### Collected material

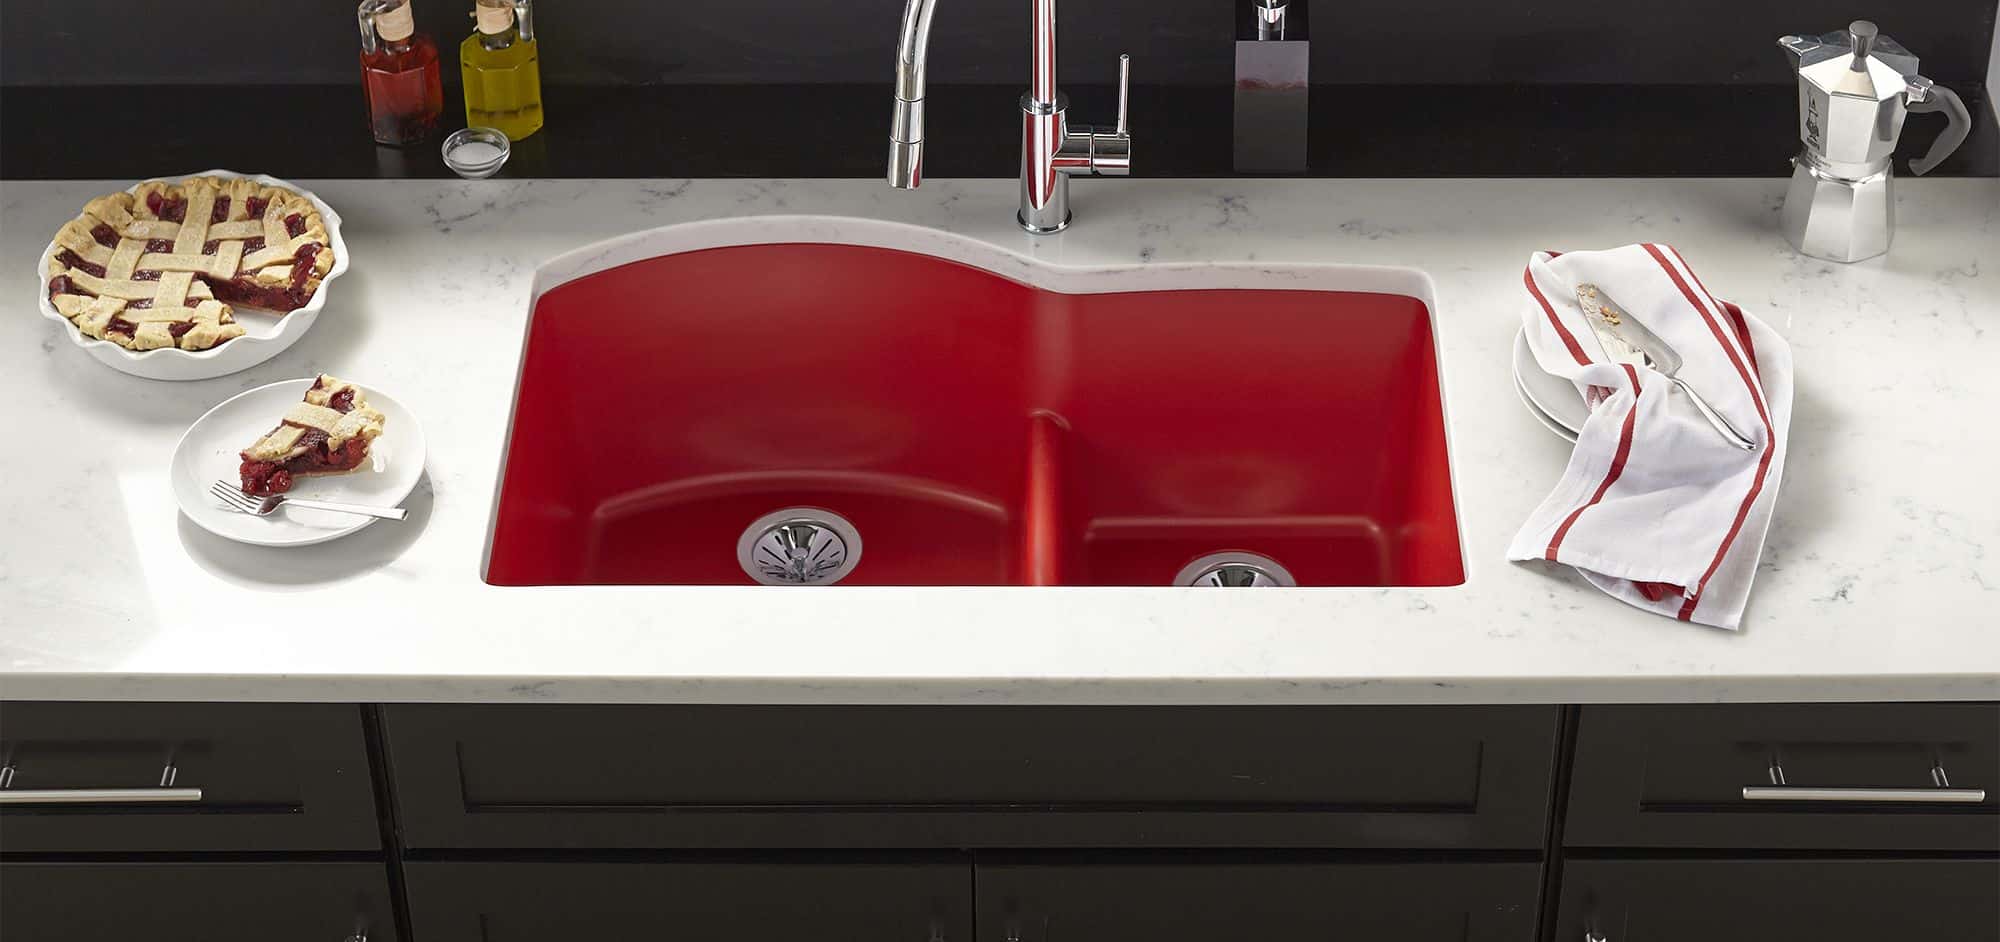 Colorful sink
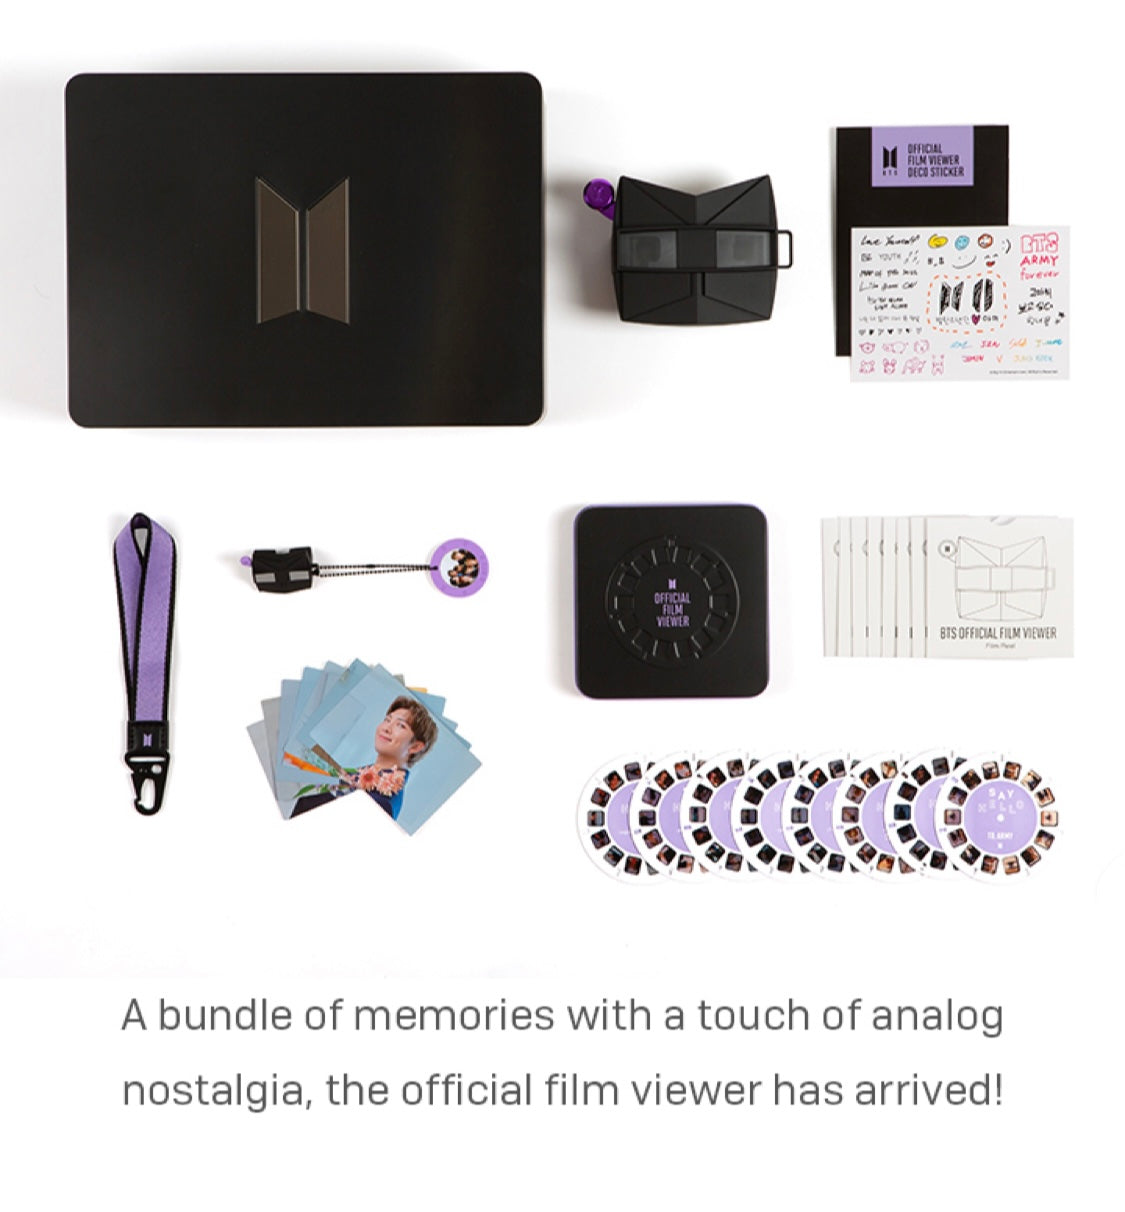 [BTS] Official Film Viewer Special Kit
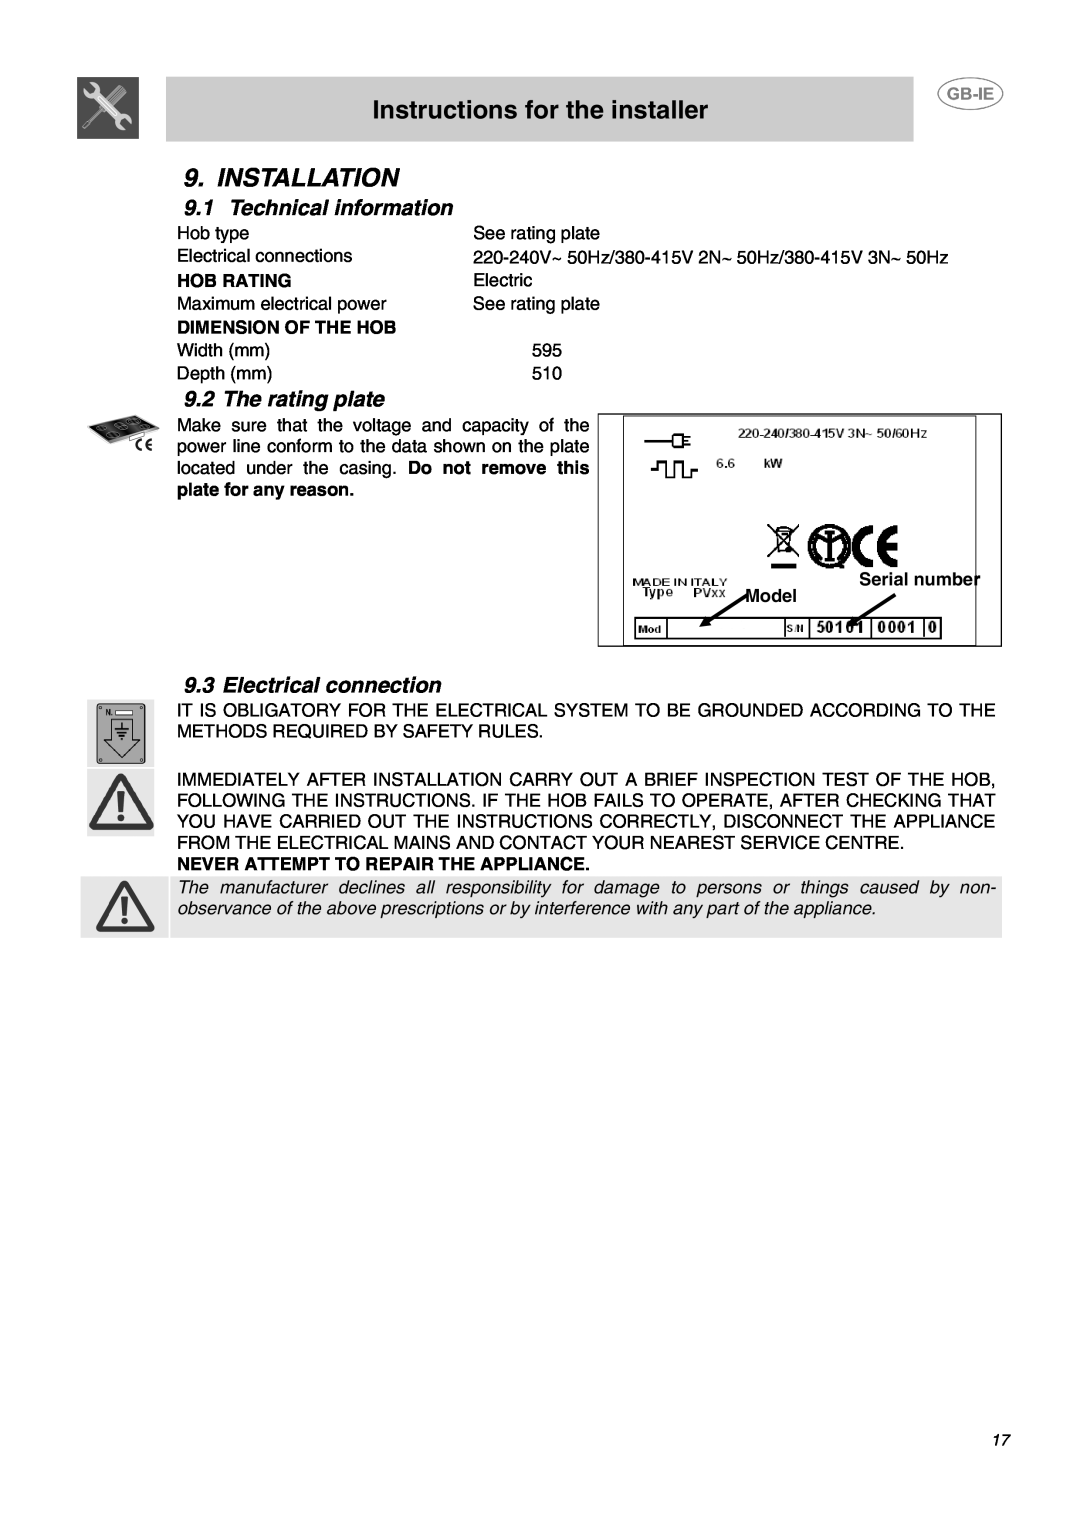 Smeg SE60X Instructions for the installer, Installation, 9.1Technical information, The rating plate, Electrical connection 
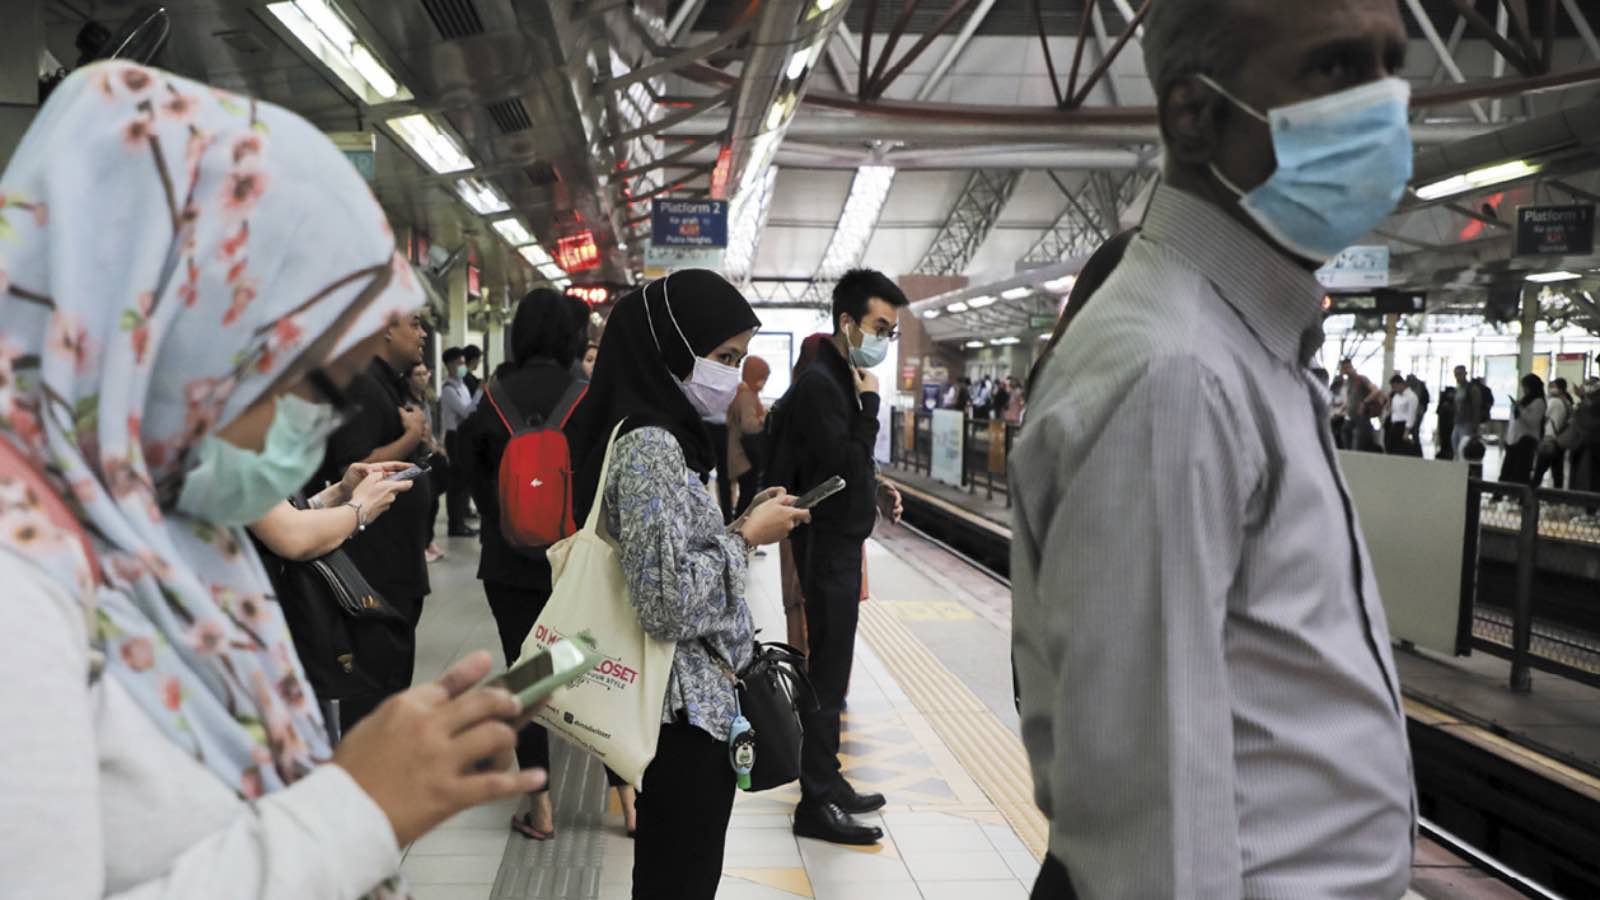 Passengers wear protective masks while they wait for Light Rail Transit train at a station, following the outbreak of the new coronavirus in China, in Kuala Lumpur, Malaysia, February 10, 2020. REUTERS/Lim Huey Teng

### Problem to solve
The copy must match the listing above exactly but contain no pictures.

### Finished exercise
 Colorful sink
 [BTS] Official Film Viewer Special Kit
 Smeg SE60X Instructions for the installer, Installation, 9.1Technical information, The rating plate, Electrical connection 
 Passengers wear protective masks while they wait for Light Rail Transit train at a station, following the outbreak of the new coronavirus in China, in Kuala Lumpur, Malaysia, February 10, 2020. REUTERS/Lim Huey Teng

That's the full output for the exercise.